BigQuery-Python "Please look into the error stream for more details."

I've been working on loading large data sets in to bigq from a csv in GCS. I've got it working fine for some tables, but for others I get the following error:

bigquery.errors.JobExecutingException: Reason:invalid. Message:Error while reading data, error message: CSV table encountered too many errors, giving up. Rows: 1; errors: 1. Please look into the error stream for more details.

I have a feeling it's schema related, but I can't tell. How can I 'look in to the error stream' to see details? insertErrors isn't in my job object after it fails, I don't see any type of error message other than printing out the exception.
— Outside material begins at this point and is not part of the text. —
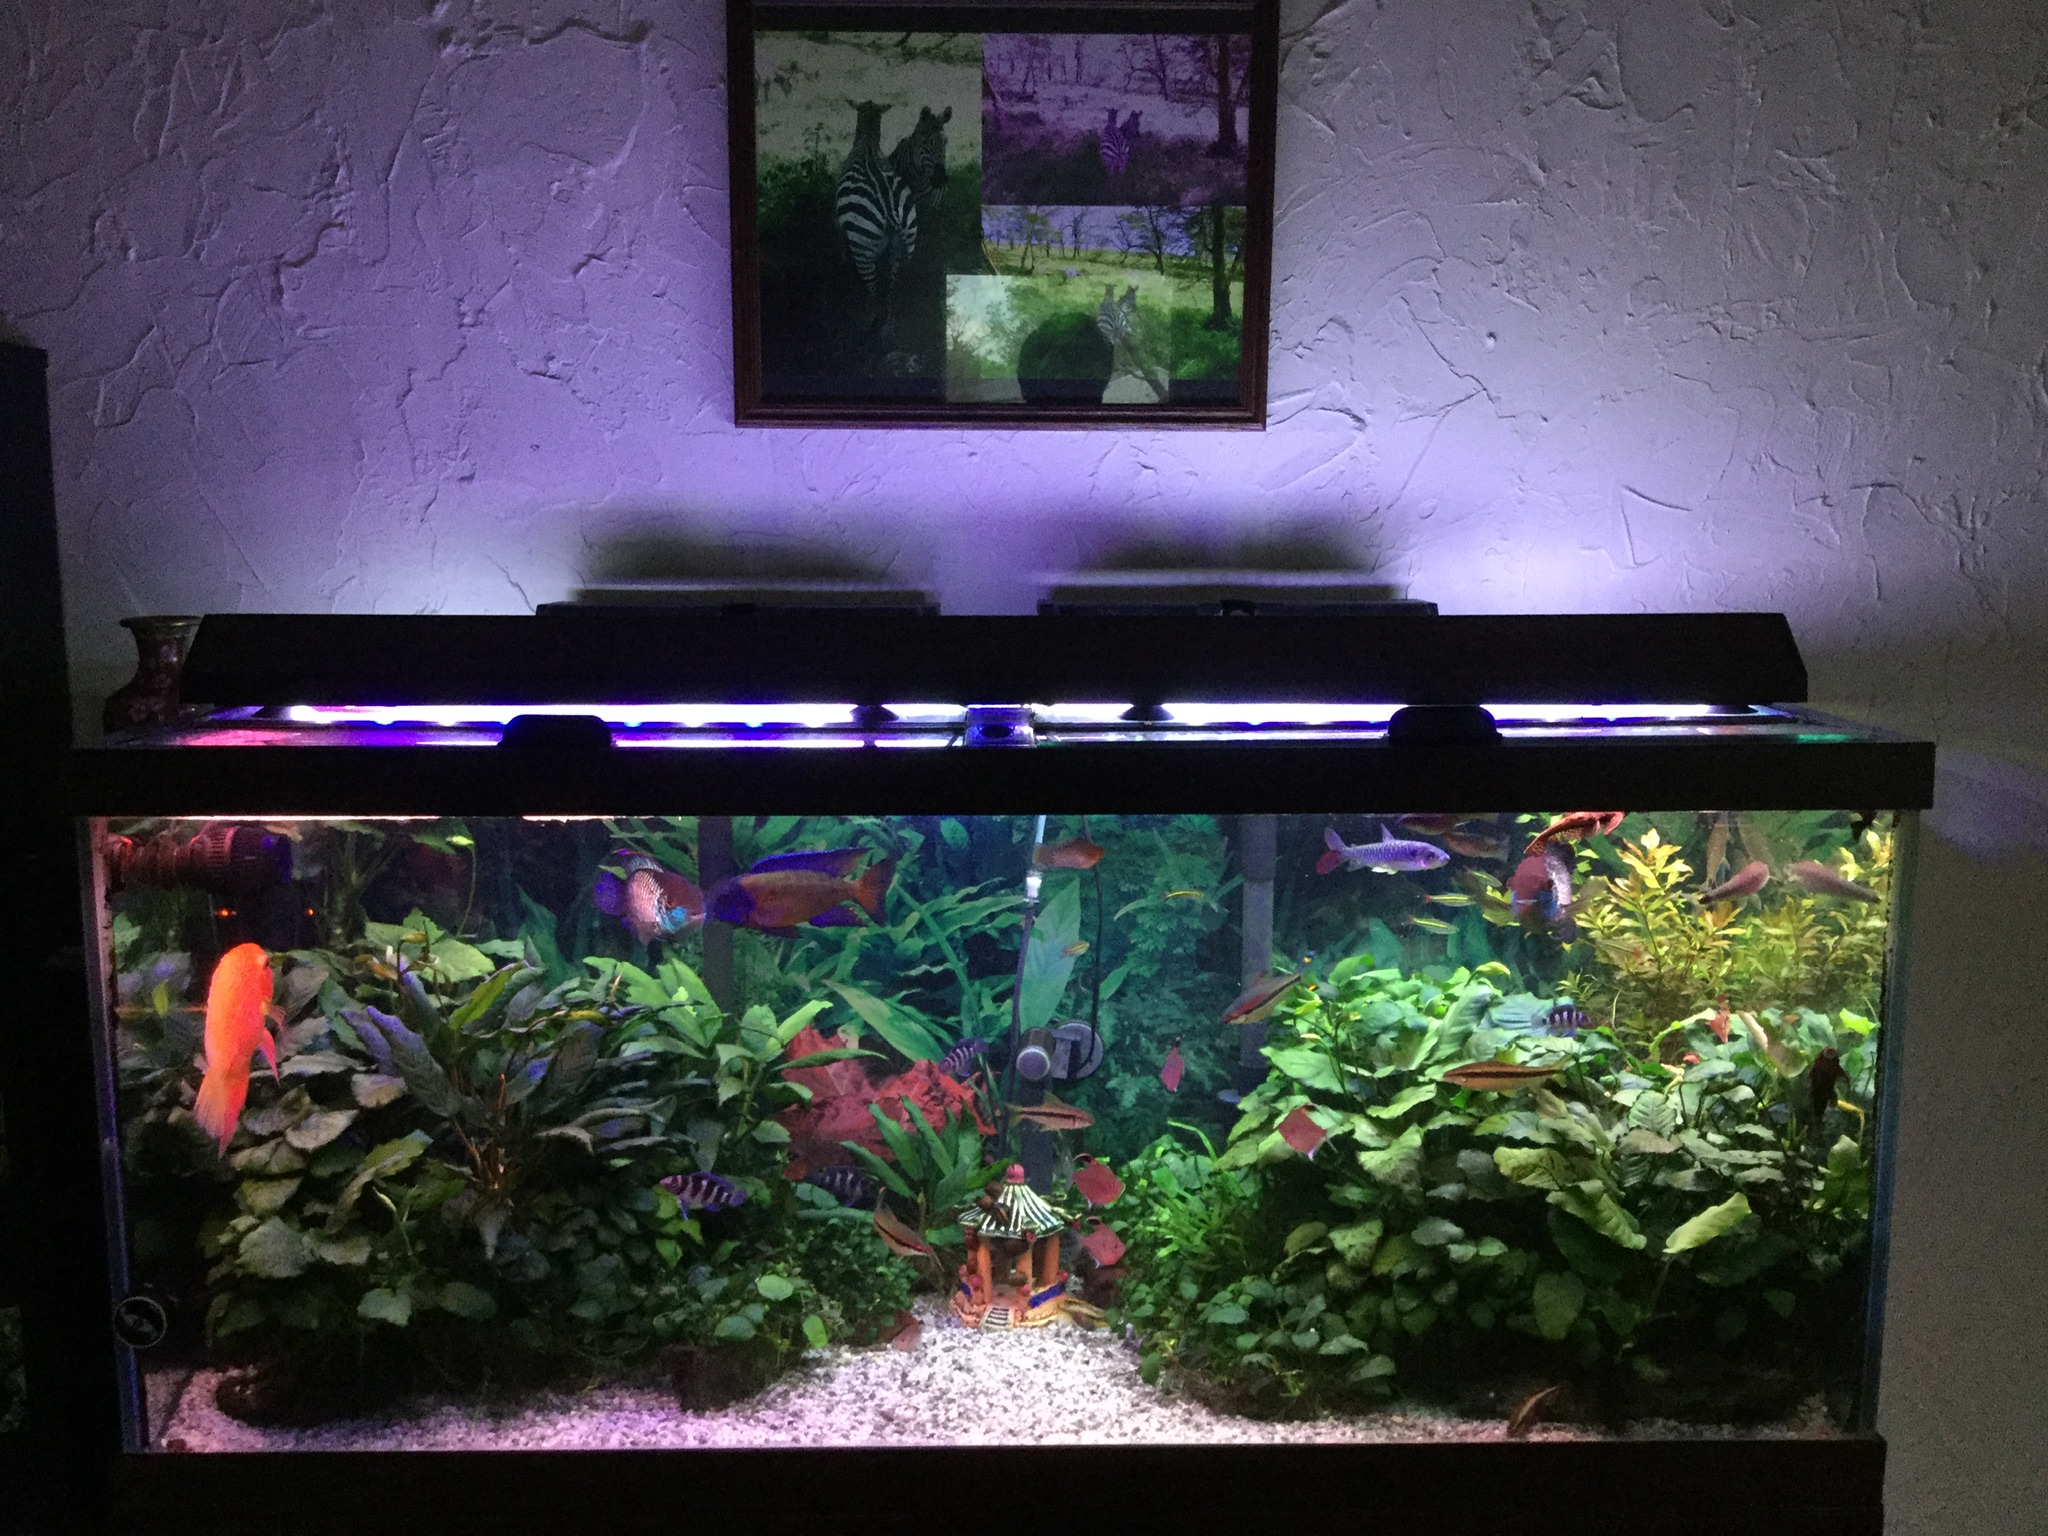 Black background  The Planted Tank Forum

    job = bqClient.client.import_data_from_uris( [gsFile], dataset, table, schema=None)
    try:
        job_id, _results = bqClient.client.wait_for_job(job)
        print("Job ID: " + str(job_id))
        print("Results: " + str(_results))
    except Exception as e:
        print(str(e))
        print(str(job))

My code works great for some tables but not others, so I'm trying to find out whats wrong with one particular table.

Oct 05 '18 17:10 ampkeegan

This sounds like a similar issue. There should be an errors property on the job.
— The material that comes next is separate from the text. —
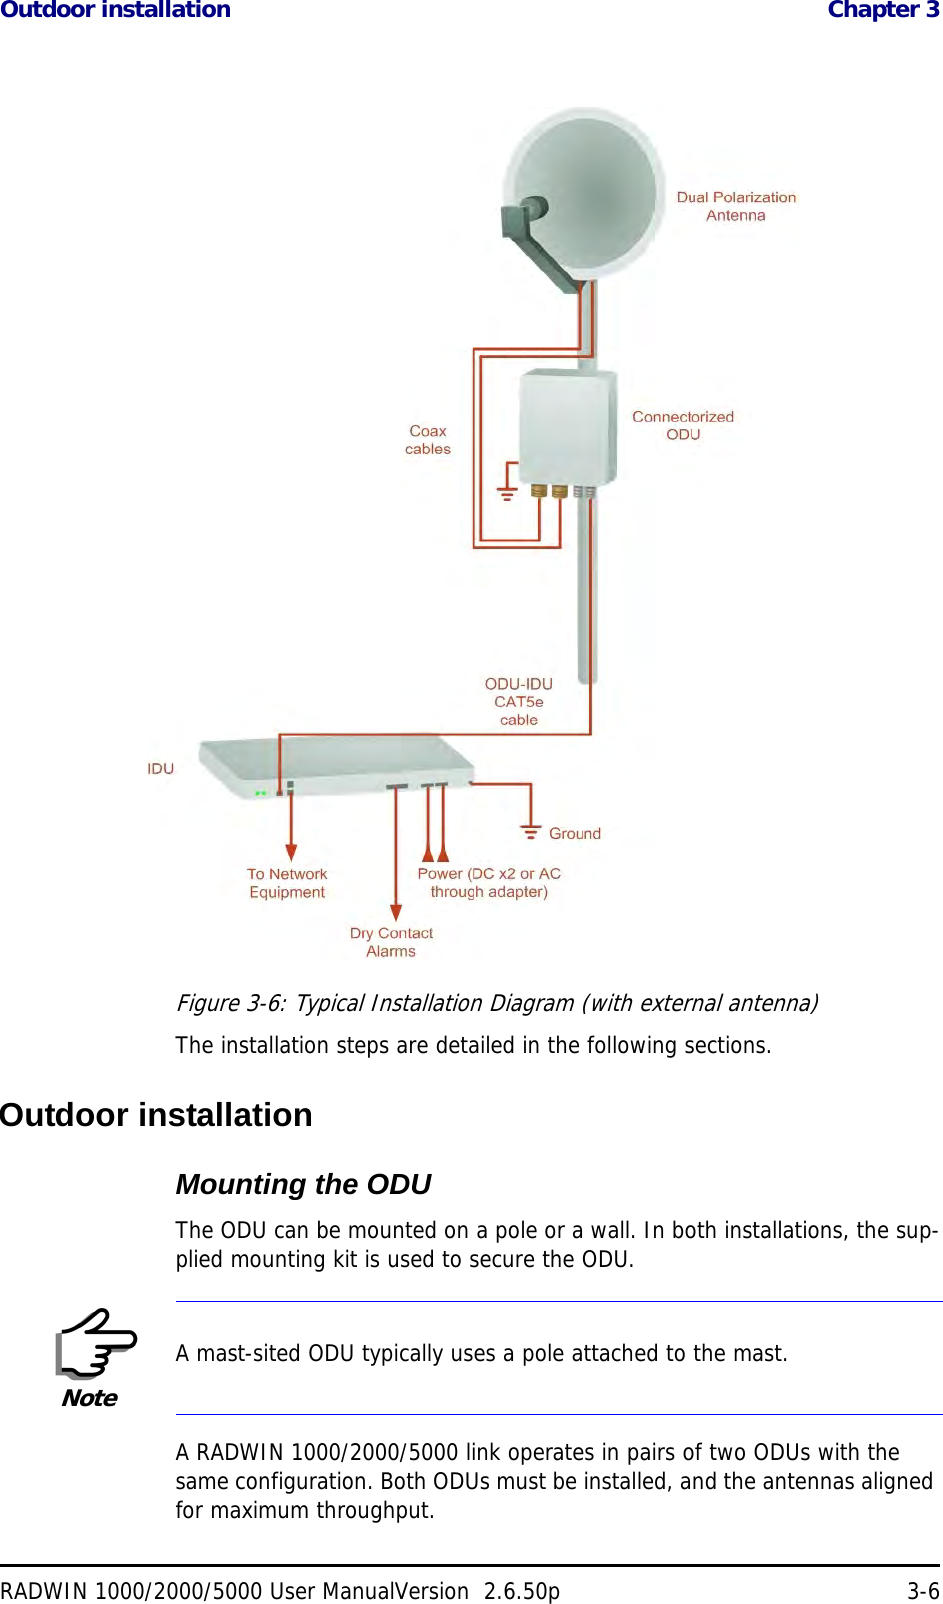 Outdoor installation  Chapter 3RADWIN 1000/2000/5000 User ManualVersion  2.6.50p 3-6Figure 3-6: Typical Installation Diagram (with external antenna)The installation steps are detailed in the following sections.Outdoor installationMounting the ODUThe ODU can be mounted on a pole or a wall. In both installations, the sup-plied mounting kit is used to secure the ODU.A RADWIN 1000/2000/5000 link operates in pairs of two ODUs with the same configuration. Both ODUs must be installed, and the antennas aligned for maximum throughput.NoteA mast-sited ODU typically uses a pole attached to the mast.

Oct 05 '18 17:10 tylertreat

I'm not seeing errors or insertErrors on my job.

I have another piece of code which does have errors on occasion:

job = bqClient.client.push_rows(
            to_bq_jobs[path]['dataset'],
            to_bq_jobs[path]['table'],
            rowsToAdd[rowCount:topCount],
            #insert_id_key=to_bq_jobs[path]['id_to_match']
            )
        #print(str(job))
        if 'insertErrors' in job:

And that lets me print out the errors. However on this job, there isn't an error or insertError key in the job dict.

The status dict has 'state': "running", there isn't any error listed.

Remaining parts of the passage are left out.